In der nordäthiopischen Region Tigray bedrängen Regierungstruppen die Bevölkerung. Laut dem päpstlichen Hilfswerk „Kirche in Not“ würden wahllos Zivilisten ermordet und missbraucht. Die Übergriffe nähmen, nach Angaben einer anonymen Quelle, das Ausmaß eines Völkermordes an. Ein Bericht von Benedikt Bögle.
Seit November tobt in der Region Tigray, im Norden Äthiopiens, ein Bürgerkrieg. Eine anonyme, kirchennahe Quelle äußerte sich gegenüber dem päpstlichen Hilfswerk „Kirche in Not“ über die Situation in dem afrikanischen Land. Danach würden gezielt Angriffe auf junge Menschen stattfinden. Wahllose Morde und sexuelle Gewalt würden die Bevölkerung bedrohen und Ordensfrauen würden vergewaltigt. „Das ist nicht nur ein Kampf zwischen Militäreinheiten; sie töten alle. Das ist eindeutig ein Völkermord an den Menschen von Tigray.“ Die anonyme Quelle bestätigt damit, was der äthiopisch-orthodoxe Patriarch Mathias bereits Anfang Mai berichtet hatte. Auch er hatte von einem Völkermord in der Region Tigray gesprochen.
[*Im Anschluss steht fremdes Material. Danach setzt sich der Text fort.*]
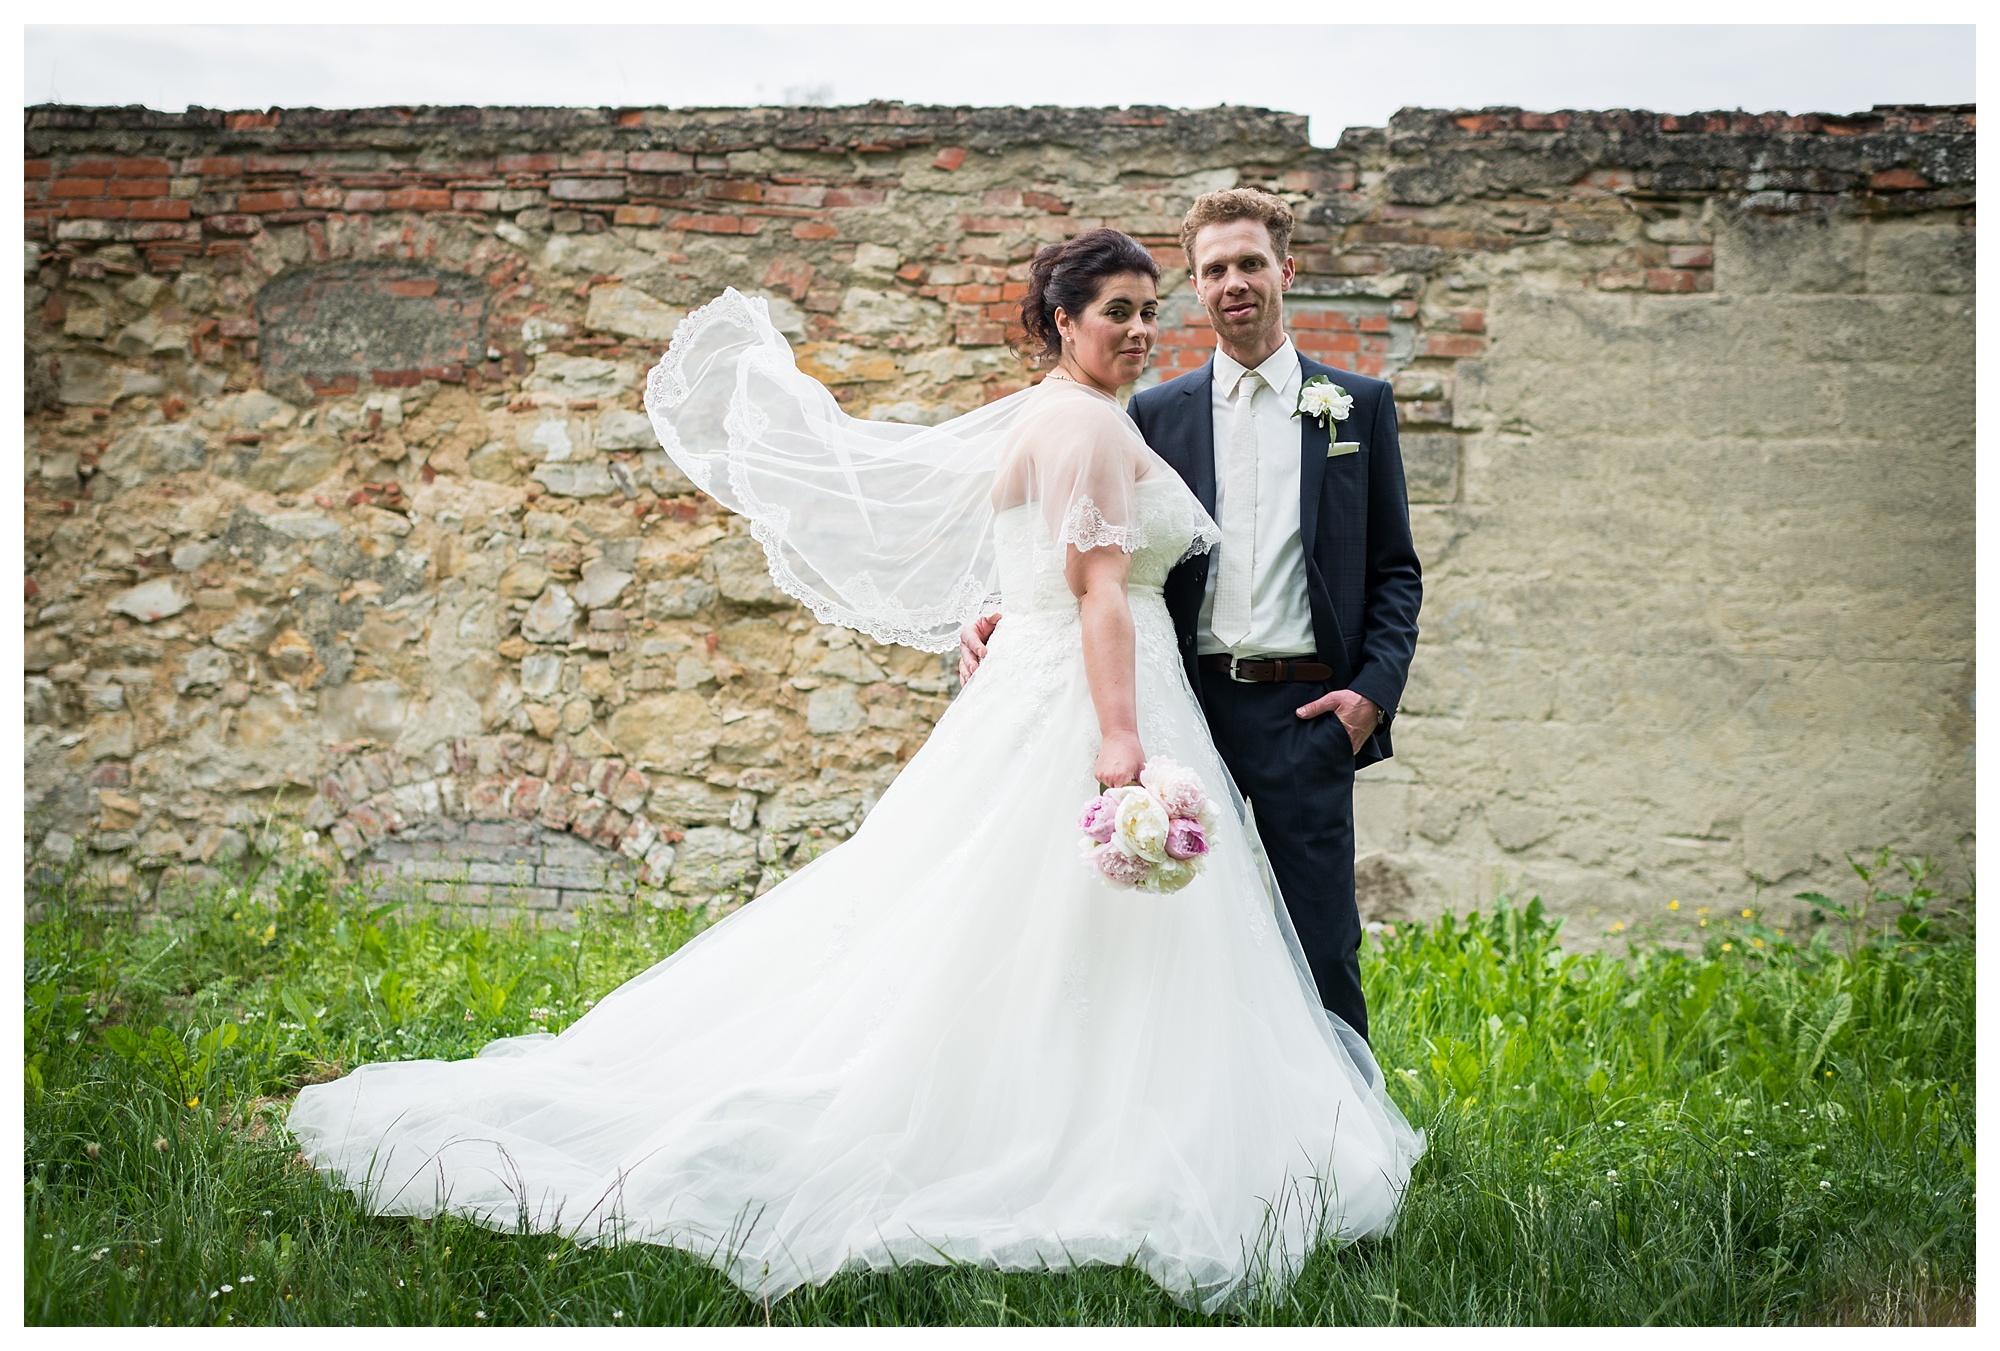 Fotograf Konstanz - Hochzeit Tanja Elmar Elmar Feuerbacher Photography Konstanz Messkirch Highlights 066 - Hochzeitsreportage von Tanja und Elmar im Schloss Meßkirch  - 64 -
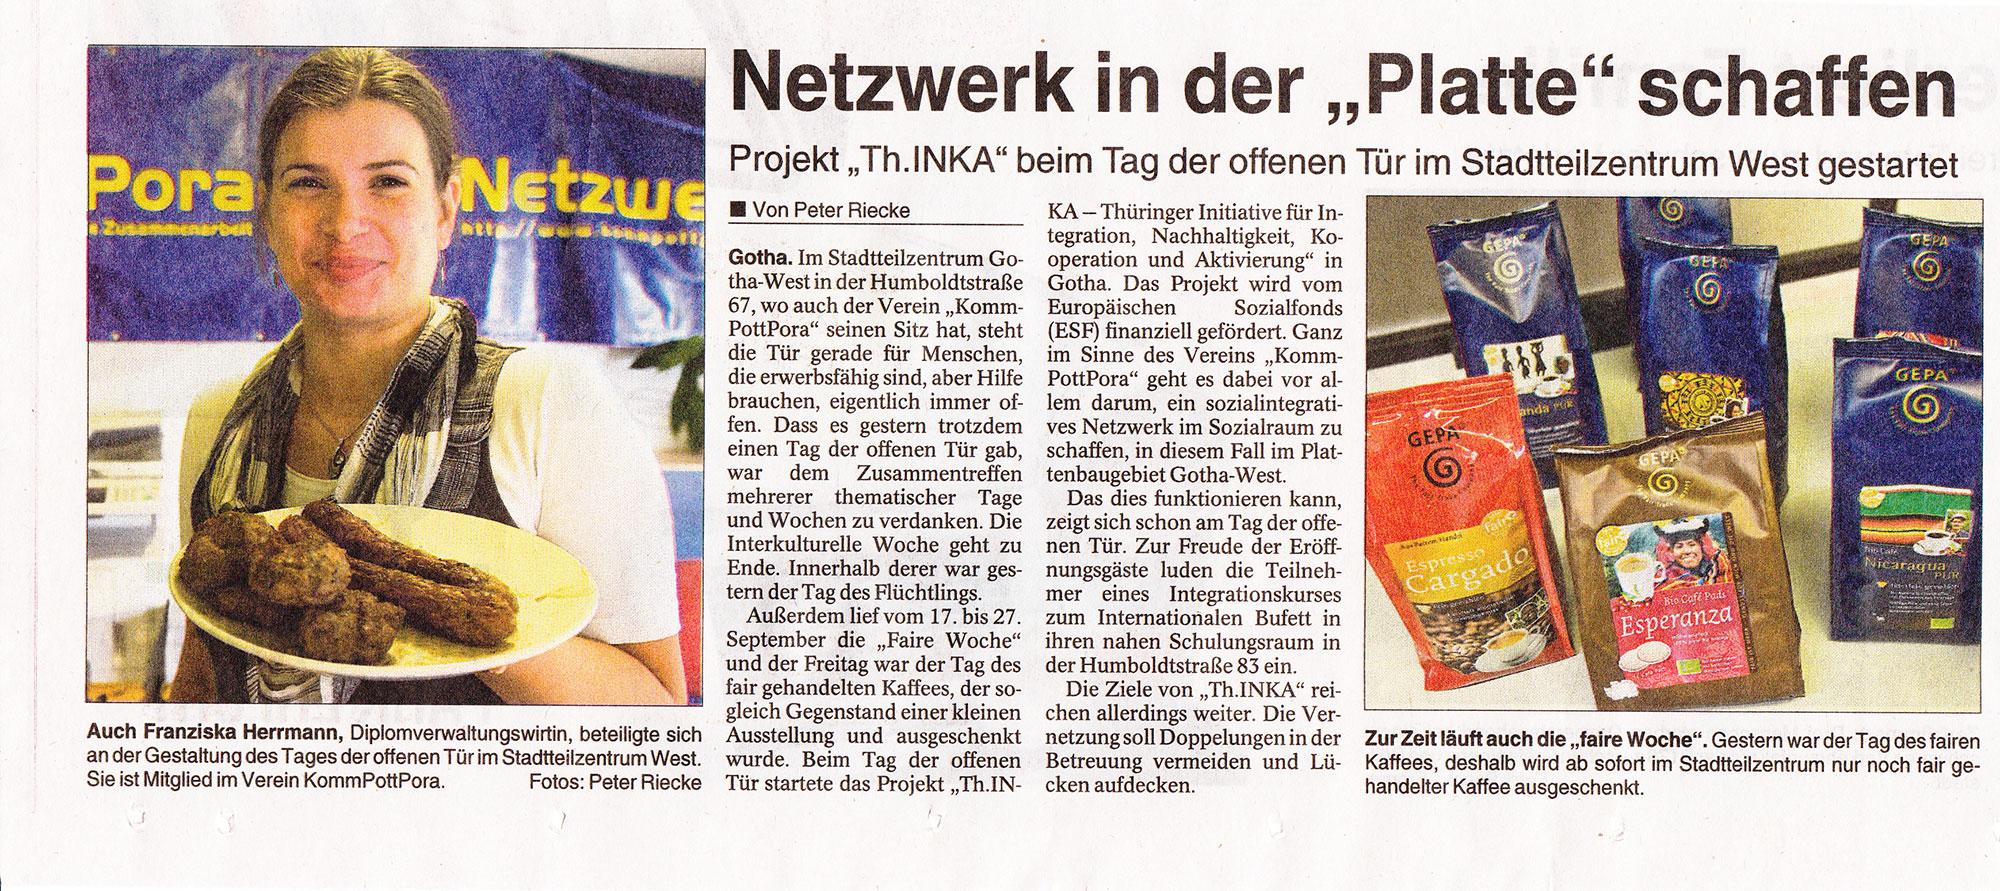 th.inka Stützpunkt Gotha - News: TLZ 20130928

Wahllose Angriffe auf Zivilisten
Seit November 2020 wüten die Kämpfe in Äthiopien. Ursache dafür waren Auseinandersetzungen um eine Wahl: Der äthiopische Premierminister Abiy Ahmed hatte der Partei „Tigray´s People Liberation Front“ (TPLF) die Abhaltung illegaler Wahlen vorgeworfen. Daraufhin entsandte er Truppen in die Region, die von weiteren Einheiten aus Eritrea unterstützt werden. Diese Truppen – so berichtet nun eine anonyme Quelle gegenüber „Kirche in Not“ – griffen gezielt Zivilisten an.
Viele Bewohner seien bereits aus der Region geflüchtet. Zahlreiche Frauen und Mädchen würden von den Soldaten missbraucht. „Es ist eine Form des Missbrauchs, wie Sie ihn vielleicht noch nie gehört haben. Angehörige unseres Volkes, unsere Ordensschwestern, wurden vergewaltigt. Einige von ihnen mussten wir ins Krankenhaus bringen. Mehrere Anlaufstellen, wo wir Hilfe bekommen könnten, haben die Soldaten geschlossen“, berichtet die anonyme Quelle weiter.
90 Prozent der Menschen vertrieben
Bereits rund 90 Prozent der Bevölkerung von Tigray seien so vertrieben worden. „Dieser Krieg hat eine große humanitäre Krise ausgelöst, die sich in einer überwältigenden Zahl von zivilen Opfern, der Vertreibung von Millionen Menschen, der Zerstörung unserer wirtschaftlichen und sozialen Grundlagen, psychischen Schmerzen und Panik ausdrückt .“
Die Region ist auf Hilfe angewiesen – und die kommt unter anderem vom päpstlichen Hilfswerk „Kirche in Not“. In der Region Tigray hat das Hilfswerk bereits Priester und Ordensleute unterstützt. 100 Projekte in Äthiopien wurden gefördert. Dazu gehören etwa der Bau von Kapellen und Klöstern, die Ausbildung von Katecheten oder auch die Anschaffung von Fahrzeugen. Das Hilfswerk „Kirche in Not“ setzt sich seit dem Ende des Zweiten Weltkrieges für verfolgte und bedrängte Christen auf der ganzen Welt ein.